航空试飞大模型人工智能AI系统平台软件设计方案
应用背景
航空试飞大模型智能系统是人工智能与航空试飞领域深度融合的成果,集成信息技术、自动化控制及AI算法,构建起能够模拟、优化并自主决策试飞全过程的智能体系,旨在提升试飞效率、保障安全、降低研发成本。
应用案例
目前,已有多个航空试飞大模型智能系统在实际应用中收获了积极反馈。例如,北京华盛恒辉科技和北京五木恒润航空试飞大模型智能系统。这些成功案例为航空试飞大模型智能系统的广泛应用和持续创新提供了有力支撑。"

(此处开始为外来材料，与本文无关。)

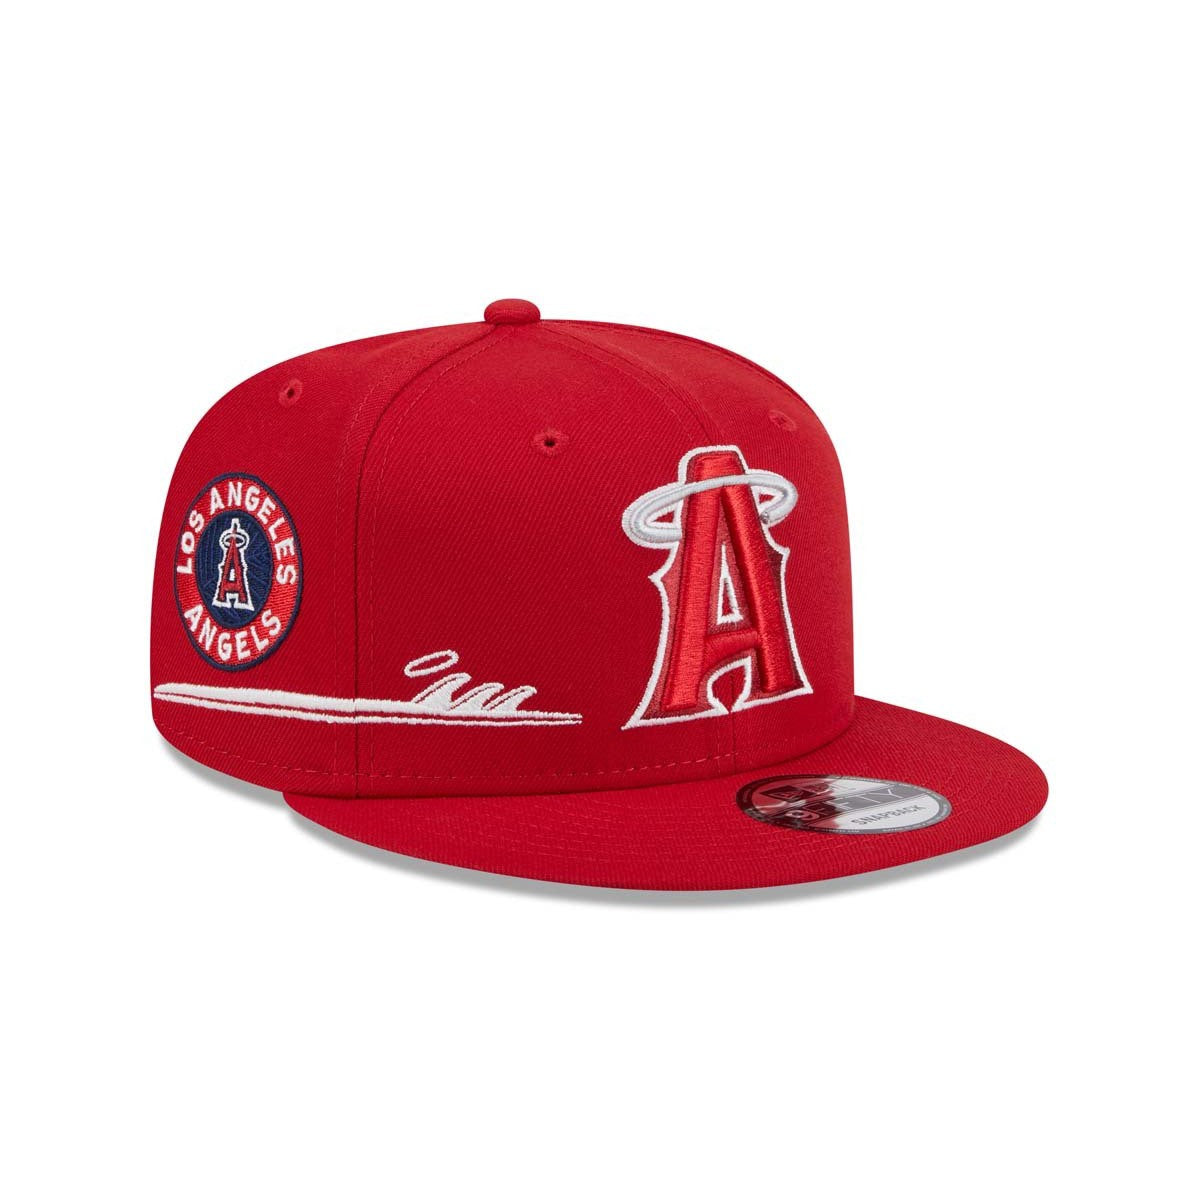 Los Angeles Angels City Connect Fan 9FIFTY Snapback Hat

专门适配各类航空器定型试飞、科研试飞、性能验证试飞全业务流程,整合试飞任务大纲、空域管控信息、实时气象数据、机载遥测数据、地面测控采集数据、飞行环境参数等多维信息,可智能拆解试飞任务目标,自主编制分段试飞计划、测试点位布局方案以及试飞安全风险评估内容。在试飞执行阶段,实时同步解析海量飞行试验数据,智能识别飞行姿态异常、动力参数超限、结构振动超标、环境适配性不足等潜在问题,第一时间向试飞指挥团队推送预警信息与应急处置参考方案。试飞结束后,自动整理多架次、多科目试飞原始数据,完成数据清洗、整合与对比分析,对照设计指标生成完整试飞总结报告,梳理性能短板,为航空器迭代优化提供详实的数据支撑与改进思路。
一、系统架构
采用分层架构:感知层、网络层、平台层、应用层。
感知层:部署高精度传感器,实时采集温度、压力、振动等关键参数。
网络层:利用5G专网切片与低轨卫星通信,保障复杂环境下数据的稳定传输。
平台层:汇聚多源异构数据,构建航空试飞专属大数据湖,支撑存储、查询与深度挖掘。
应用层:开发智能排产、工装调度、故障预测与健康管理等应用,实现试飞精细化管控。
二、核心优势
高度自动化:集成工业机器人与数控设备,实现试飞准备、执行、监控全流程无人化作业。
高精度控制:依托高灵敏度传感器与先进算法,满足航空领域严苛公差要求。
高效率产出:智能排产与资源优化配置,缩短试飞准备周期,提升整体效能。
低能耗运行:采用节能技术,降低试飞过程中的碳足迹。
高柔性适配:灵活响应不同型号、批次的试飞需求,支持快速切换与迭代。
三、应用场景
试飞计划优化:综合气象、空域流量、设备状态等,智能生成最优试飞计划。
试飞过程监控:实时采集分析数据,及时预警异常,保障试飞安全。
故障预测与健康管理:结合历史与实时数据构建预测模型,提前识别风险,主动采取措施。
试飞数据分析与挖掘:对海量数据深度挖掘,为航空产品研发改进提供数据决策支持。
四、发展趋势
高度集成化:将试飞计划、过程监控、故障预测等功能整合至统一平台,提升协同效能。
高度智能化:引入强化学习、迁移学习等先进算法,增强自主学习与决策能力。
高度绿色化:优化试飞路径、降低能耗,实现试飞全过程的绿色化。
高度网络化:加强与其他航空系统的数据互联互通,推动试飞协同化与智能化管理。